A widely contentious and controversial place is the unconditional branch, or Goto statement, which is part of most procedural programming languages, and opponents claim that a goto statement can be misused indefinitely; it gives the program a chance to create confusion. The current consensus is that it should be kept in most languages, and that it should be minimized in terms of the risks it has.

Event-driven programming

In fact, event-driven programming has been applied to program design long before the graphical user interface (GUI) appears, but only when the graphical user interface is widely popular, it gradually evolved into a widely used programming mode.

In procedural design, the code itself gives the order in which the program executes, although the order of execution may be affected by the program's input data.

In an event-driven program design, many parts of the program may be executed at a completely unpredictable time. Often, the execution of these programs is motivated by the interaction of the user with the program being executed.

• event . is to inform that a particular event has occurred (the occurrence is random).
• events and polling . The conduct of polling is constantly observed and judged, and is an endless form of behavior. And the event is quietly waiting for things to happen. In fact, before Windows appears, PC applications that use the mouse input character mode must perform serial polling and in this way query and respond to different user exercises.
• event handler . is a piece of program code that executes when a response is made to an event. The event handler enables the program to respond to the user's behavior.

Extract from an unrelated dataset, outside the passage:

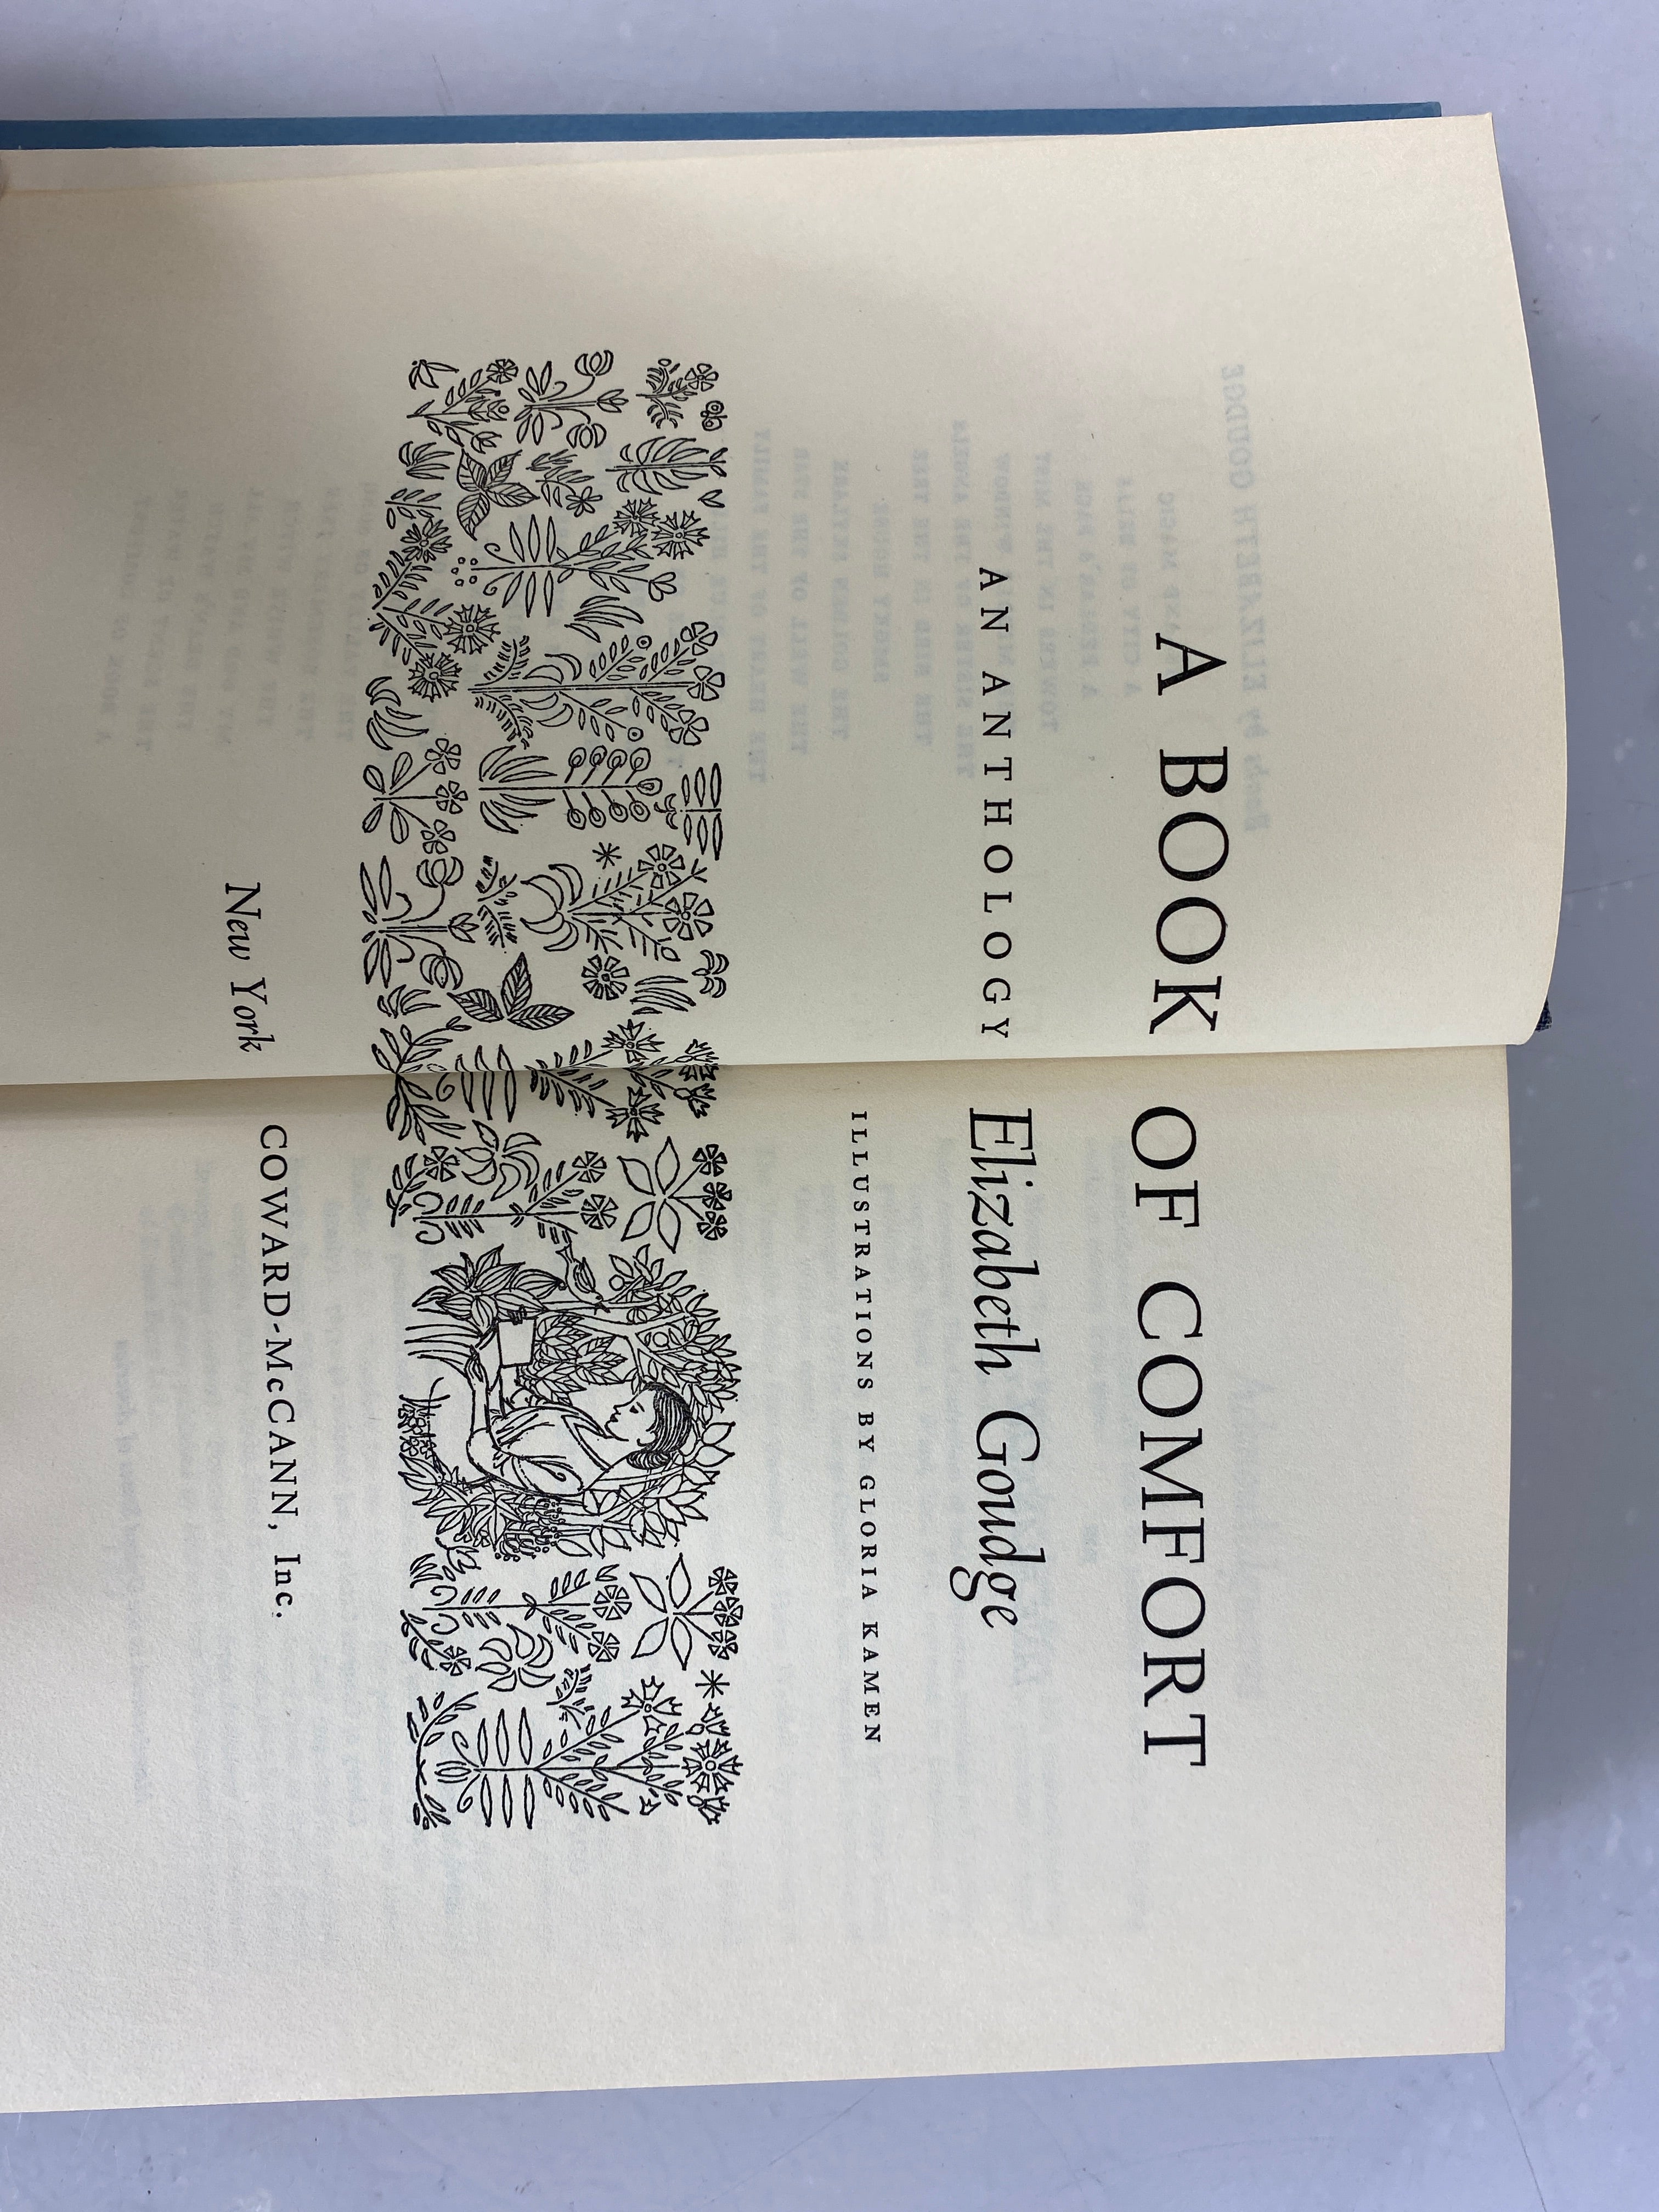 A Book of Comfort by Elizabeth Goudge 1964 HC DJ

Event drivers are often used for user interaction with the program, interacting interactively through a graphical user interface (mouse, keyboard, touchpad). Of course, it can also be used for exception handling and responding to user-defined events, and so on.

Event exception handling is more complex than user interaction.

Event-driven is not confined to GUI programming applications only. But we also need to consider more practical issues such as event definition, event triggering, event transformation, event merging, event queuing, event dispatch, event handling, events, and so on.

In fact, so far, we have not found the language for pure event-driven programming and a similar development environment. All event-driven data is based on GUI events.

The event-driven programming languages are: VB, C #, Java (GUI of Java swing), etc. Most of the events they involve are GUI events.

Object-Oriented Programming

A procedural paradigm requires programmers to look at each problem with a step-by-step algorithm. It is clear that not every problem fits into this process of thinking. This has led to the emergence of other program design paradigms, including the object-oriented programming paradigm we are introducing now.

The object-oriented programming pattern has been in the more than 20 years, after the development of these years, its design ideas and design patterns have steadily entered the mainstream of programming language. The top three Java, C, C + +, Java and C + + are all object-oriented programming languages from the Tiobe programming Community2010 Year November programming language rankings.

Object-oriented programming includes three basic concepts: encapsulation, inheritance, polymorphism. Object-oriented programming language supports object-oriented design paradigm through classes, methods, objects, and message passing.

1. Objects

Everything is the object of the world.

The abstract mechanism of object-oriented program design is to abstract the problem to be solved as an object in object-oriented program. Use encapsulation to make each object have an individual identity. The program is a pile of objects, passing through the message, requesting other objects to work.

2. Class

Each object is an entity in its class.

Birds of a feather--that is, the class is a collection of similar objects. The object in the class can accept the same message. In other words: The class contains and describes a set of objects that have common attributes (data elements) and common behaviors (functions).

For example: apples, pears, oranges and other objects belong to the fruit category.

3. Encapsulation

Encapsulation (sometimes referred to as information hiding) is the process of combining data and behavior in a package and hiding the data from the user of the object. Information hiding is the basic principle of object-oriented programming, and encapsulation is a way to realize this principle.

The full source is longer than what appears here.